The main difference between the two goes down to the smallest details of how information is stored. Traditional spinning HDDs store information by changing magnetic polarity on actual spinning disks. Therefore, digital forensic and incident response analysts need to be aware of magnetic fields when handling evidence and why dropping an HDD would often prove fatal for the disk.
The one aspect of HDDs that is of interest to digital forensic examiners is how data is handled. The data is written to the disk and stays within the sectors that have been assigned to the data. When a user deletes a file, it is not removed. The data may be complete or partially overwritten, and with proper imaging tools, this data can be located and reconstructed for analysis.
Because of how HDDs work and the potential for reconstruction of data, it is a good practice to create a physical disk image. This involves powering down the system by removing the source of power, not through the operating system shutdown. This preserves the state of the drive now the analyst has accessed it. In those circumstances where this is not possible, a logical image can be taken from a live and powered-up system.
SSDs, on the other hand, hold information based on the state of electrons in cells in the SSD. This type of data storage uses instructions found on the printed circuit board (PCB) that controls how data is handled on the SSD. The first set of instructions is garbage collection. When a user deletes a file, the operating system sends instructions to the chipset indicating that the file is marked for deletion, and the PCB can reset the electrons in that space to neutral, thereby removing the data. This operating system instruction is often referred to as TRIM. For example, entering the fsutil behavior query disabledeletenotify
command into Windows’ Command Prompt will produce the following output if the OS is using an SSD:
Figure 8.3 – TRIM operations enabled
Another feature of SSD chipsets that is of concern to digital forensic and incident response analysts is wear leveling. The electrons in an SSD have a finite lifespan and cannot be continually turned on and off. If the operating system only uses the first 100 GB of the drive, it may wear that section out, making the drive useless.
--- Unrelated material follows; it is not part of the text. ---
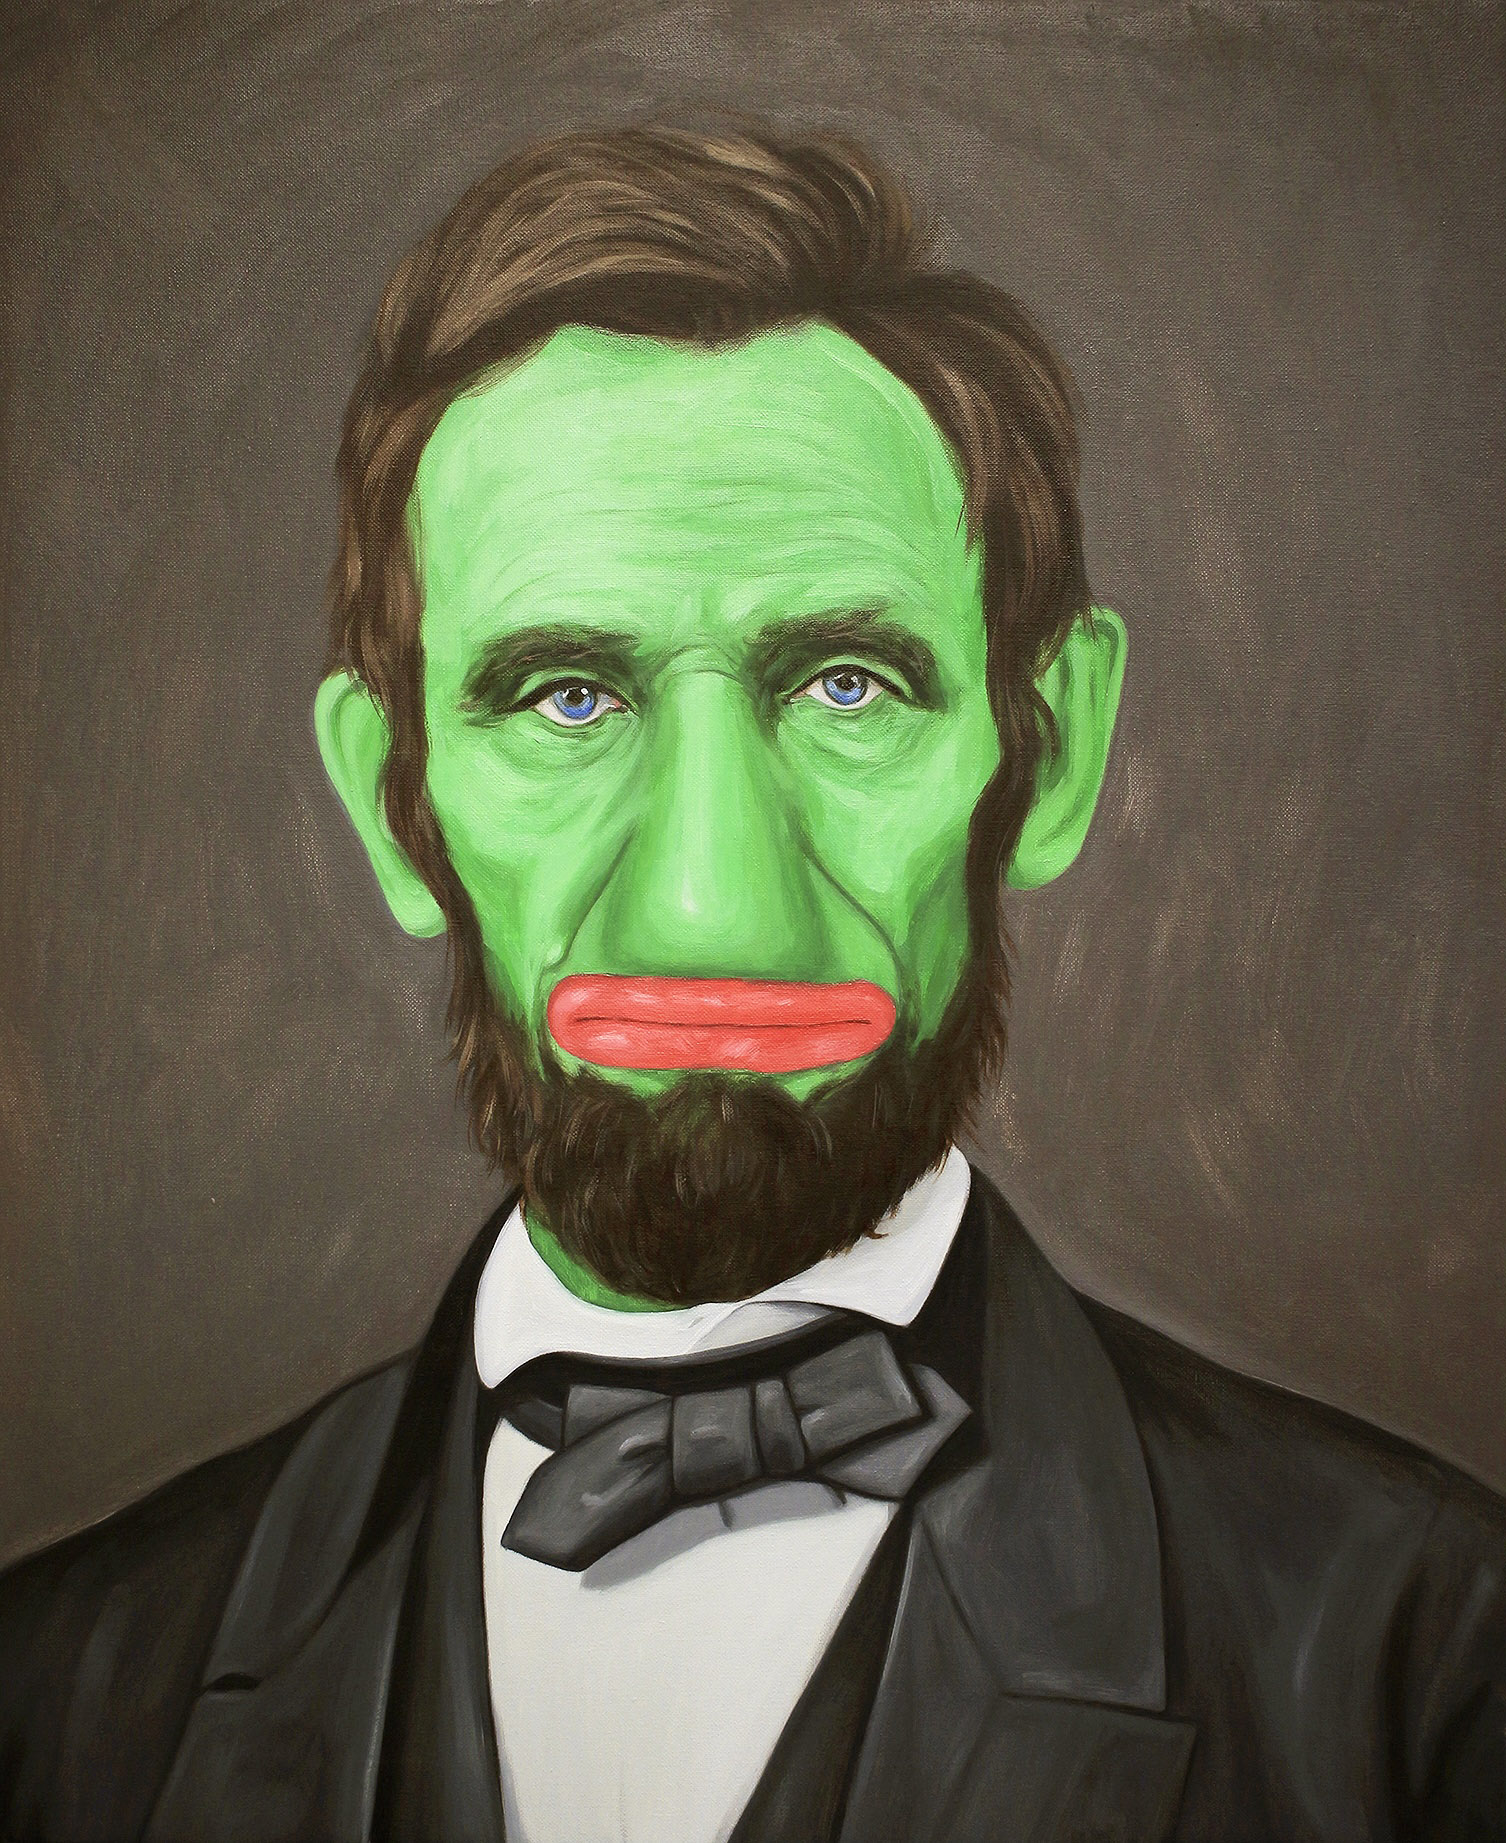 LINCOLNPEPE

To prevent this, SSDs make use of wear leveling, where data is continually moved to different locations on the drive, thereby reducing the potential of making the drive unusable.
These two features mean that traditional write blockers that are used to ensure that no changes are made to the disk during imaging do not work, as the PCB manages how data is written and leveled on the SSD. While imaging is possible, the analysts cannot ensure that no changes were made to the disk during the process. To limit these changes, analysts should image an SSD in the condition that they found it. If the system is powered off, remove the drive from the system and image. If the system is on, it has to be imaged live.